The emerging roles of somatic globins in cardiovascular redox biology and beyond.

The vertebrate globins are a group of hemoproteins with the intrinsic capacity to regulate gaseous ligands and redox signaling required for cardiovascular biology. This graphical review will provide a comprehensive synopsis of somatic cardiovascular globins focusing on expression, function and redox signaling - an emerging area in both physiology and disease.

Introduction

The globins are a family of small globular proteins that structurally consist of a conserved “globin fold” and a series of eight alpha-helical segments (named A-H) [1-3]. Globins evolved from a common ancestor, four of which reside in vertebrates: hemoglobin (Hb), myoglobin (Mb), cytoglobin (Cgb) and neuroglobin (Ngb) [4]. Harboring a heme-prosthetic group (Fe-protoporphyrin IX), Hb and Mb are penta-coordinate, whereas Cgb and Ngb possess a hexa-coordinate configuration. Globins predominantly operate to reversibly bind gaseous ligands, such as oxygen (O2) and carbon dioxide (CO2), to the heme group for storage and transport. This property permits globins to fulfill obligatory aerobic respiratory needs for tissue function and homeostasis. In addition to their respiratory function, it has been long known that globins, especially Hb and Mb, take on other cellular roles such as reduction and oxidation (redox) reactions with ligands such as nitric oxide (NO), nitrite (NO2−), and hydrogen peroxide (H2O2) [5,6]. These functions are critically important in vascular cells, both of hematopoietic and of somatic origin. Recently, somatic cardiovascular globin expression and function has received much attention for their roles with regard to redox reactions that control reactive oxygen and nitrogen signaling (Fig. 1).

Fig. 1

Schematic outline of the vertebrate globins in the cardiovascular system highlighting cell-type specific expression, biochemical functions and phylogenetic features.

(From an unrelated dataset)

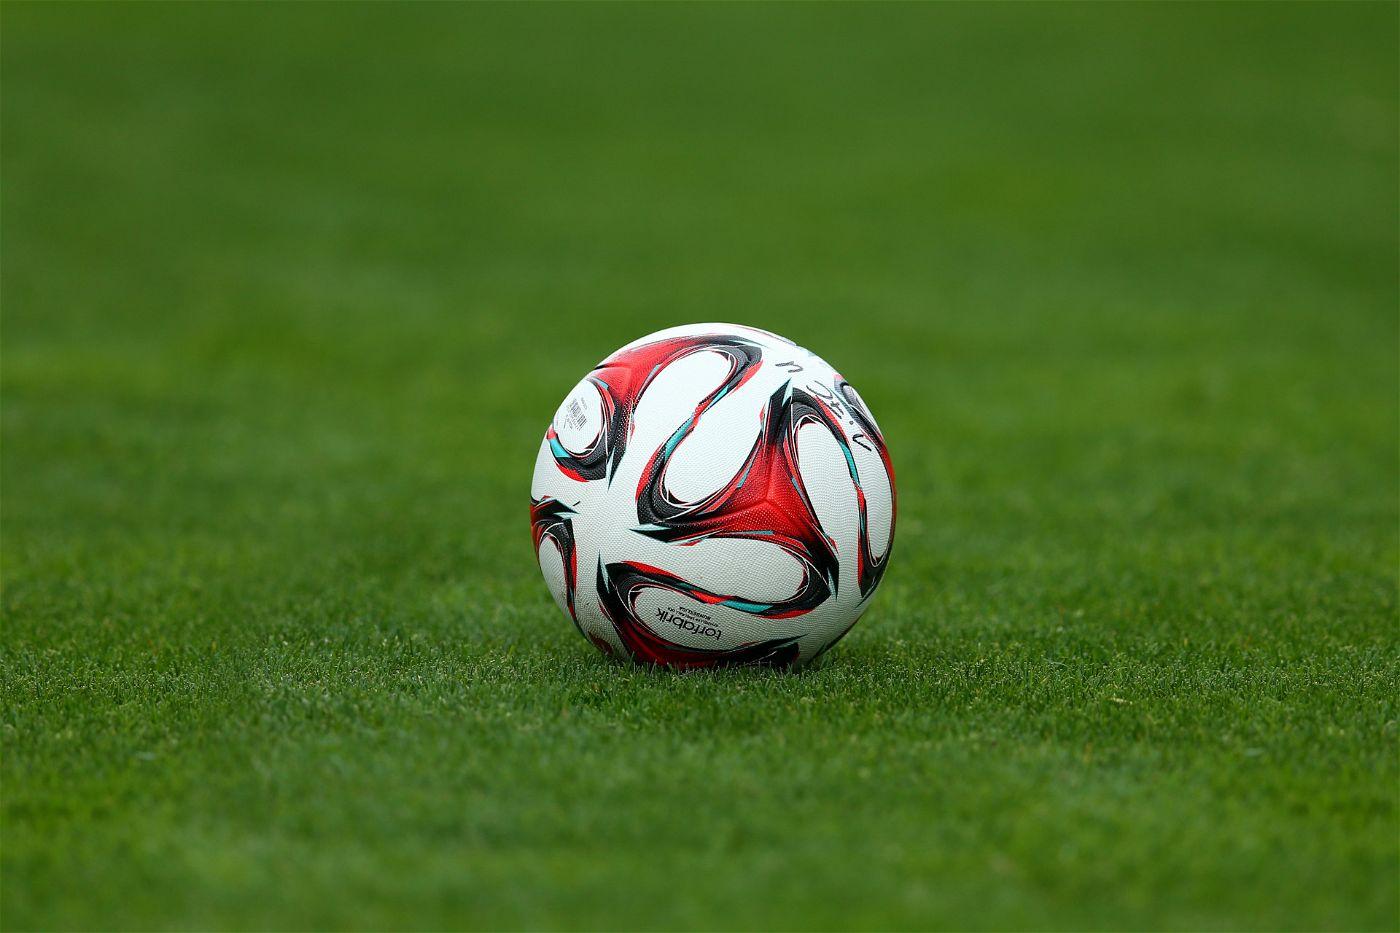 Sky Und Eurosport Bundesliga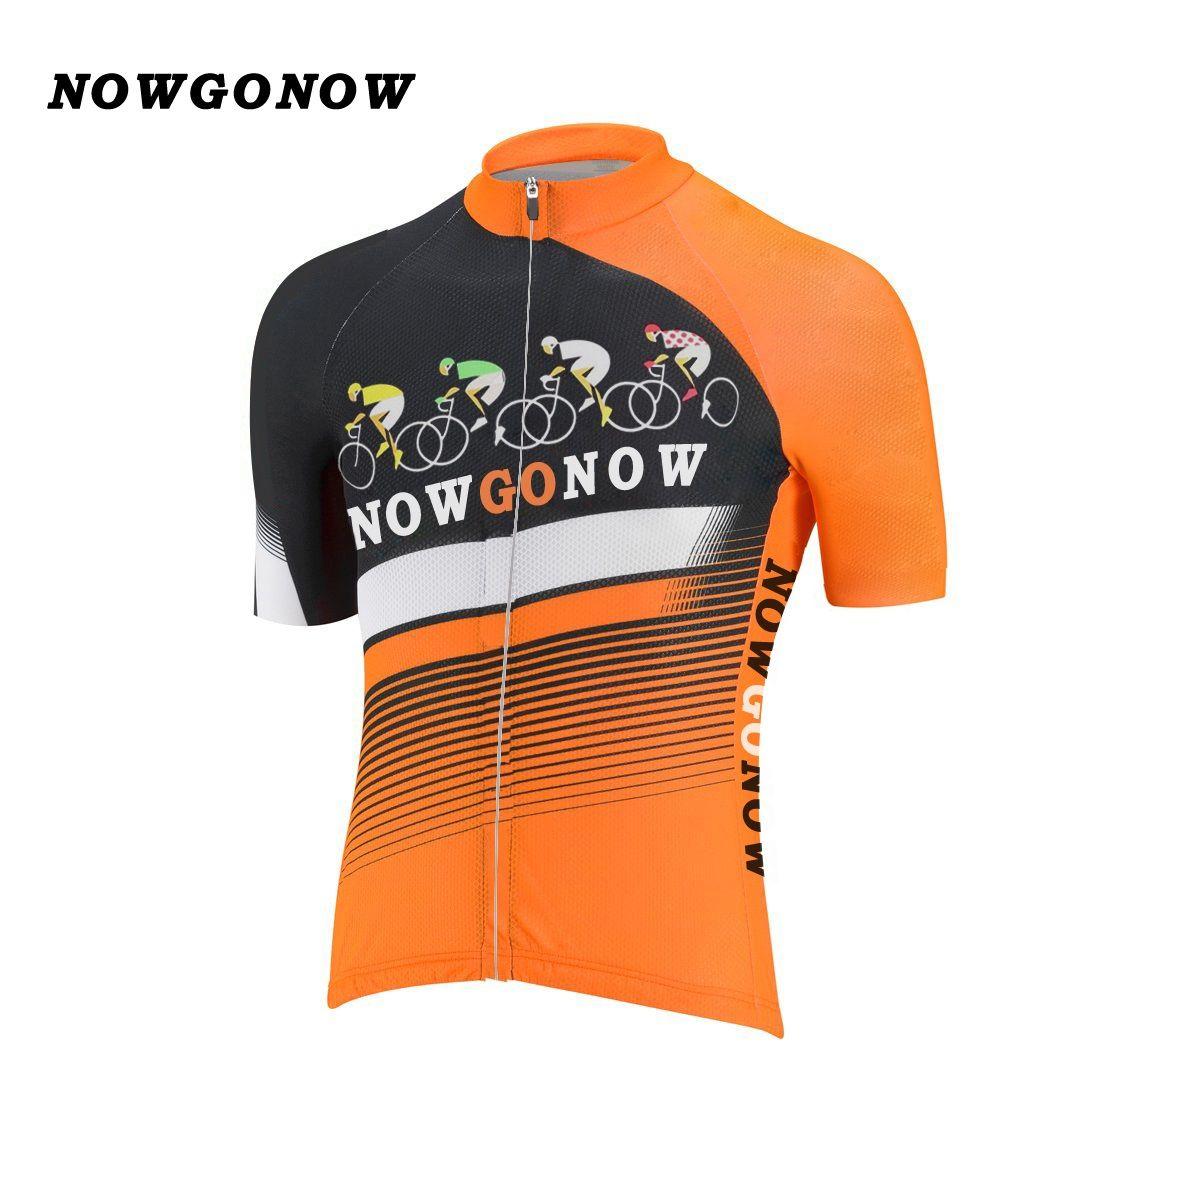 Wholesale Can Custom Men 2017 Cycling Jersey Pro Team Clothing Bike Wear  Orange Black NOWGONOW Tops Road Mountain Triathlon Summer Quick Dry  Bugatchi Shirts ... 2cb70fd3d

Within the cardiovascular system, cell-type expression and localization of each globin is variable. Hb, composed of α and β chains, was traditionally known for exclusive expression in red blood cells, although a recent reports have dismissed this perception through the discovery of Hb α expression in microvascular endothelial cells [7,8]. Mb expression is abundant in cardiomyocytes but is found to a lesser extent in vascular smooth muscle cells [9,10]. Cgb chiefly resides in cardiomyocytes, advential fibroblasts and vascular smooth muscle cells [11,12], whereas sympathetic nerves express Ngb [13]. Remarkably, globin expression is not homogeneous through the vascular tree. This is particularly true for Hb and Mb. Hb α expression is mainly found in resistance arteries and arterioles [7], whereas Mb is primarily expressed in conduit arteries but absent in small arteries [7,10] (Fig. 2). The explanation for globin expression inconsistency throughout the vascular tree remains unknown. These disparities likely reflect specific transcriptional, post-transcriptional, and translational events for each globin as it relates to their precise role(s) within the vascular cell itself.

Fig. 2

Cell type-specific expression of hemoglobin, myoglobin, cytoglobin and neuroglobin along the vascular tree.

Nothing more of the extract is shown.